The shouting down of speakers at public meetings, a well established phenomenon at universities, seems to be making a comeback in American political culture generally. Last Friday, I and perhaps 100 others attended a speech given by veteran Senator Orrin Hatch (R-Utah) before the Washington, D.C. lawyers' chapter of the Federalist Society at Tony Cheng's restaurant in Chinatown. Sen. Hatch spoke on current legal controversies, and as he approached his discussion of the current vacancy on the Supreme Court, about eight persons, evidently at a prearranged signal, rose to their feet and began chanting slogans at the top of their lungs. The disrupters went on drowning out the senator for some time, refusing to stop or leave on request. (A news account is here.)
In the age of social media it was unlikely those taking part would remain anonymous, and indeed within hours the group responsible was boasting of having shut down a senior GOP Senator at one of his events. That group, whose staffers talked on Twitter of their role in the episode, turned out to be Generation Progress, a group whose Wikipedia entry notes that respectables such as Pres. Barack Obama, Sens. Elizabeth Warren and Tammy Baldwin, the League of Women Voters, and Ambassador Samantha Power have cooperated in its activities. Indeed, Gen Progress is a 501(c)(4) affiliate of the very well established left-leaning Center for American Progress with its 2013 budget of $40 million. Call it a new model think tank.
The big national story, of course, is that the disruption of political events is rapidly spiraling toward a prospect of serious violence, especially at the rallies of presidential contender Donald Trump, who has been widely criticized for comments that might encourage some backers in rough behavior. A few points about that:
1) If Side A rents a hall for a rally and Side B comes in and shouts down A's speaker, what has happened is better described as "mob rule" than as "free speech."
2) On the question of what constitutes incitement and solicitation to violence, Eugene Volokh sorts out a range of basic legal issues.
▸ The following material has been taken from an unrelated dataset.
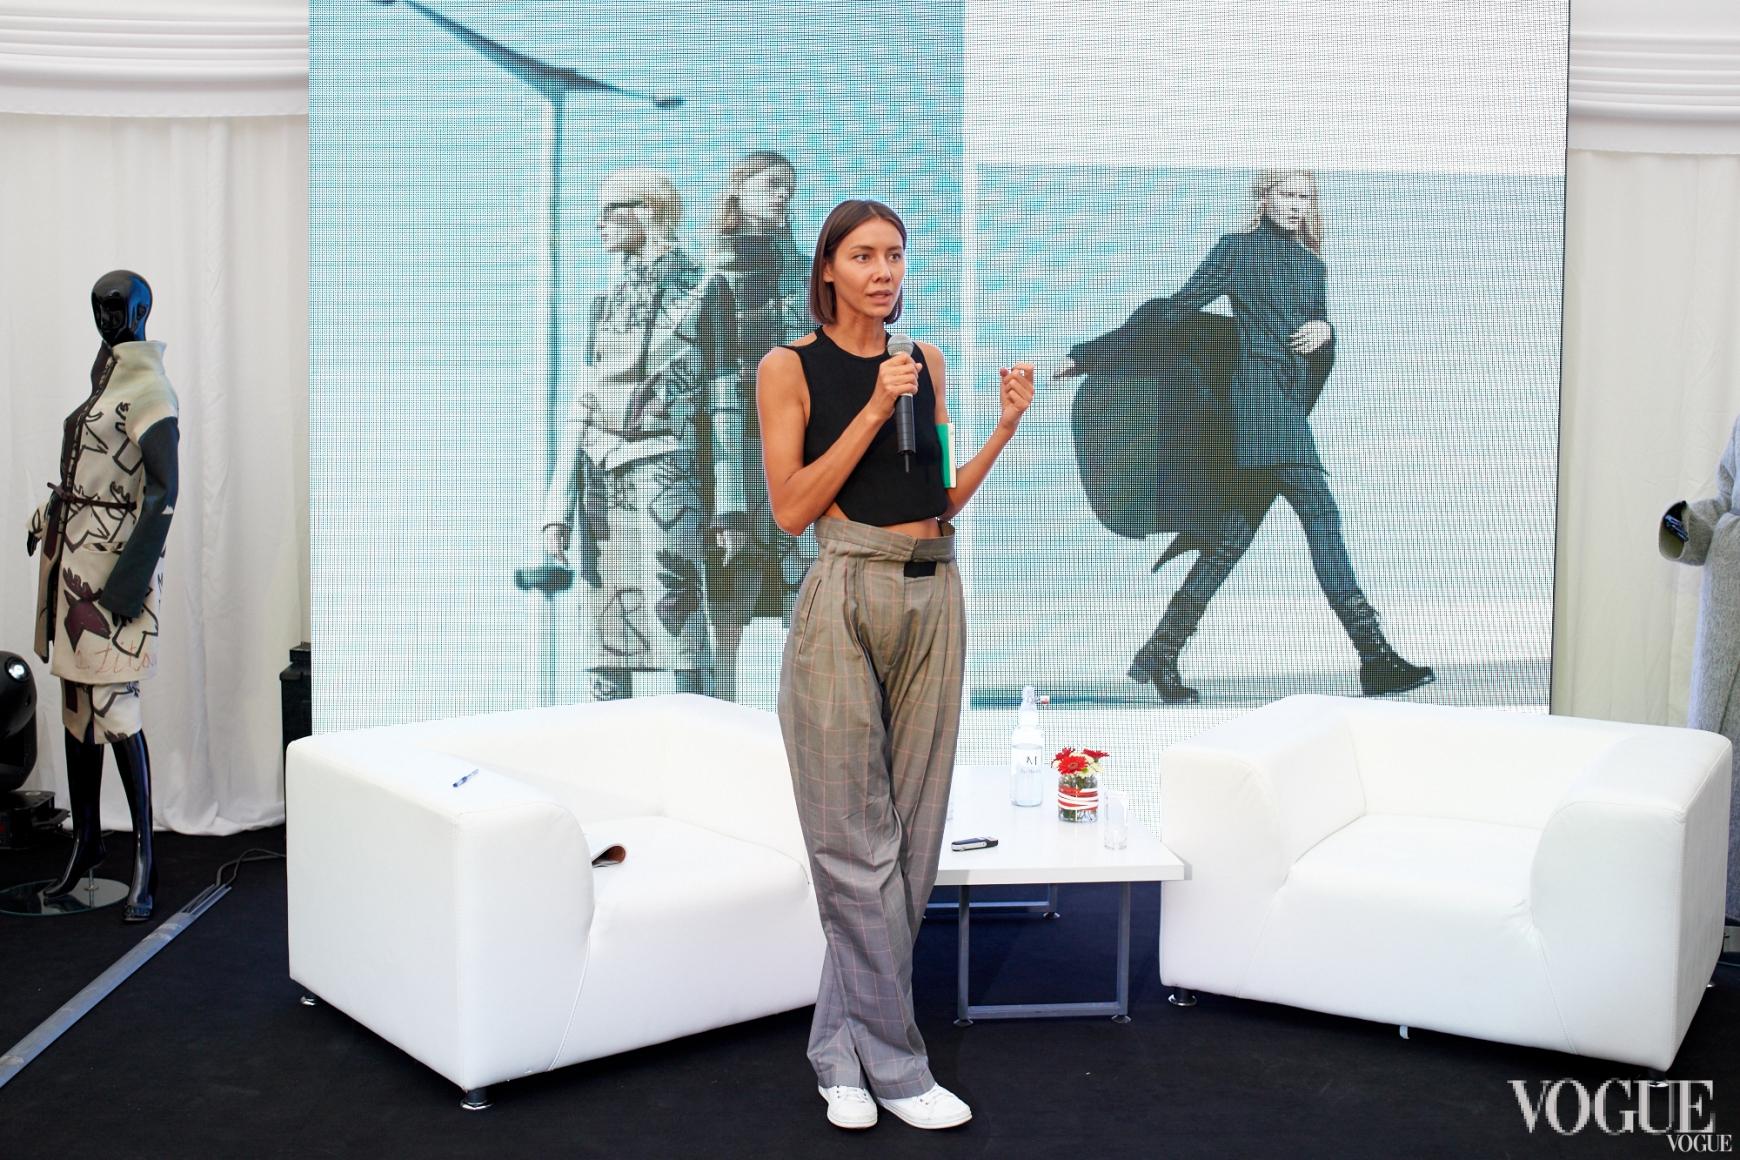 Мастер-класс Юлии Пелипас о правилах стрит-стайла на примере новой осенне-зимней коллекции Annette GORTZ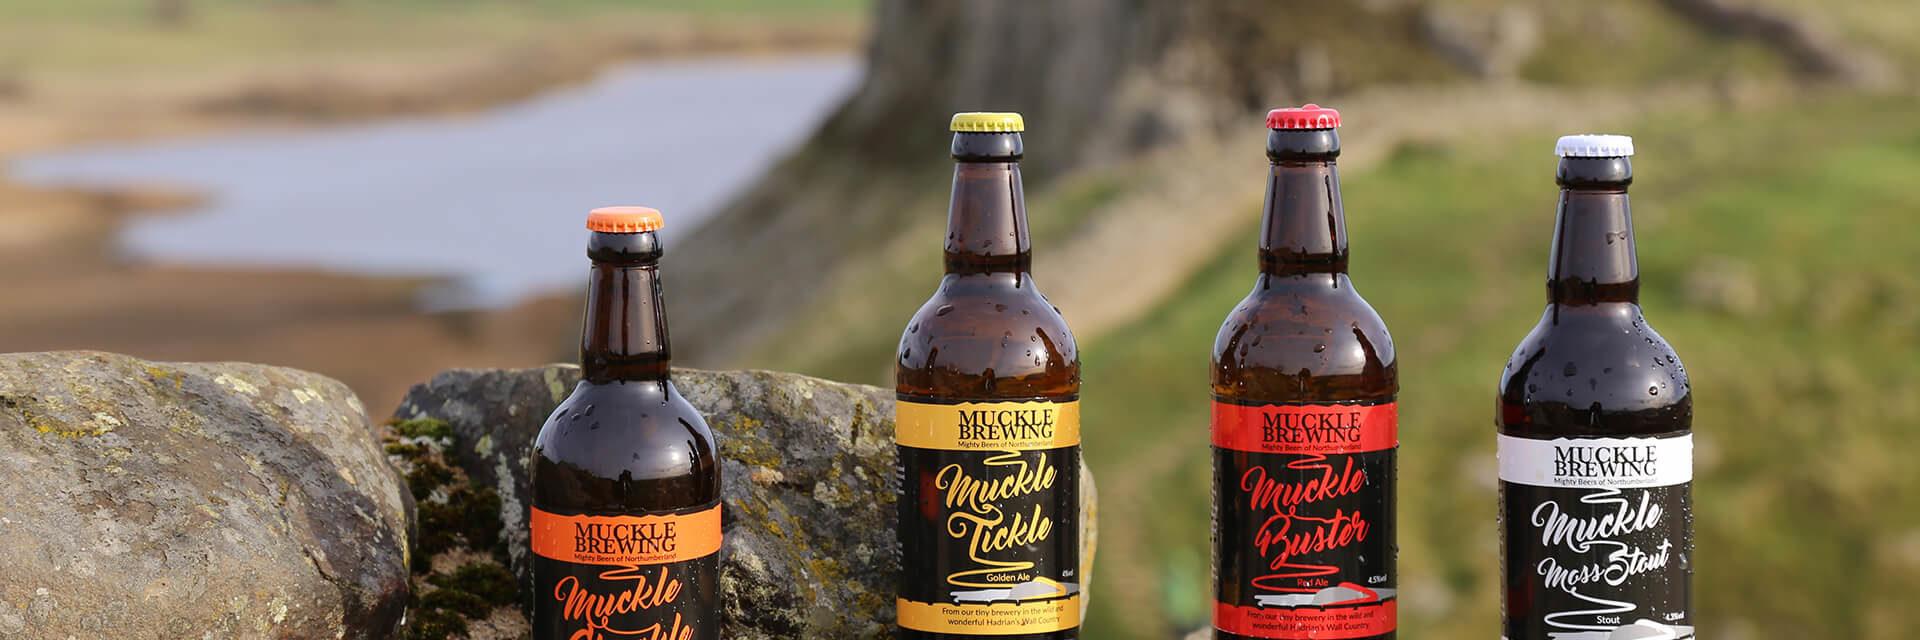 Muckle Brewing ales

Some will probably be new to many readers; for example, whether it is unlawful to physically tackle or drag hecklers who disrupt a meeting is a question that varies from one state's law to the next, not a constitutional question. (And yes, the rules change somewhat when rallies are held in public spaces such as parks, but since even the freedom to hold rallies in private spaces is under challenge at the moment, that's what I'll discuss here.)
3) There is no contradiction between saying that a certain candidate or cause is a menace to public liberty that we should vote against or oppose, and saying that supporters of that candidate or cause deserve the right to rally in rented halls without attempts to disrupt or shout down their proceedings. Honoring an adversary's right to engage in political assembly unmolested is not the same as supporting his cause, and contrariwise criticizing irresponsible things that a candidate may say does not somehow condone efforts to shout him down.
4) It would probably have been helpful to start earlier on having a debate over the harms caused by mob political action and excuse-making for it in high places. For example, beginning last year, activists claiming to speak for Black Lives Matter and similar groups took over stages or otherwise disrupted events by Democratic candidates Bernie Sanders, Hillary Clinton, and Martin O'Malley, leading to a round of celebratory reflection in many quarters about how the tactics had worked.
5) "Disrupting political events is OK when we do it to them, but unacceptable when they do it to us" isn't a principle conducive to peace, stable domestic equilibrium, or intellectual coherence -- assuming peace, stability, and coherence are goals. The better course is to recognize rally disruptions as wrong when done by either or both sides, and deplore a permission-giving tone toward mob action across the board - from local activists and foundation grant officers all the way to sitting and would-be presidents.
America's political traditions are broadly classical-liberal, and over many successful periods of domestic tranquility these principles of physical forbearance toward political adversaries were widely observed among large groups of Americans whether they happened to call themselves progressives, conservatives, or something else. Will this broadly libertarian center now hold, or fail?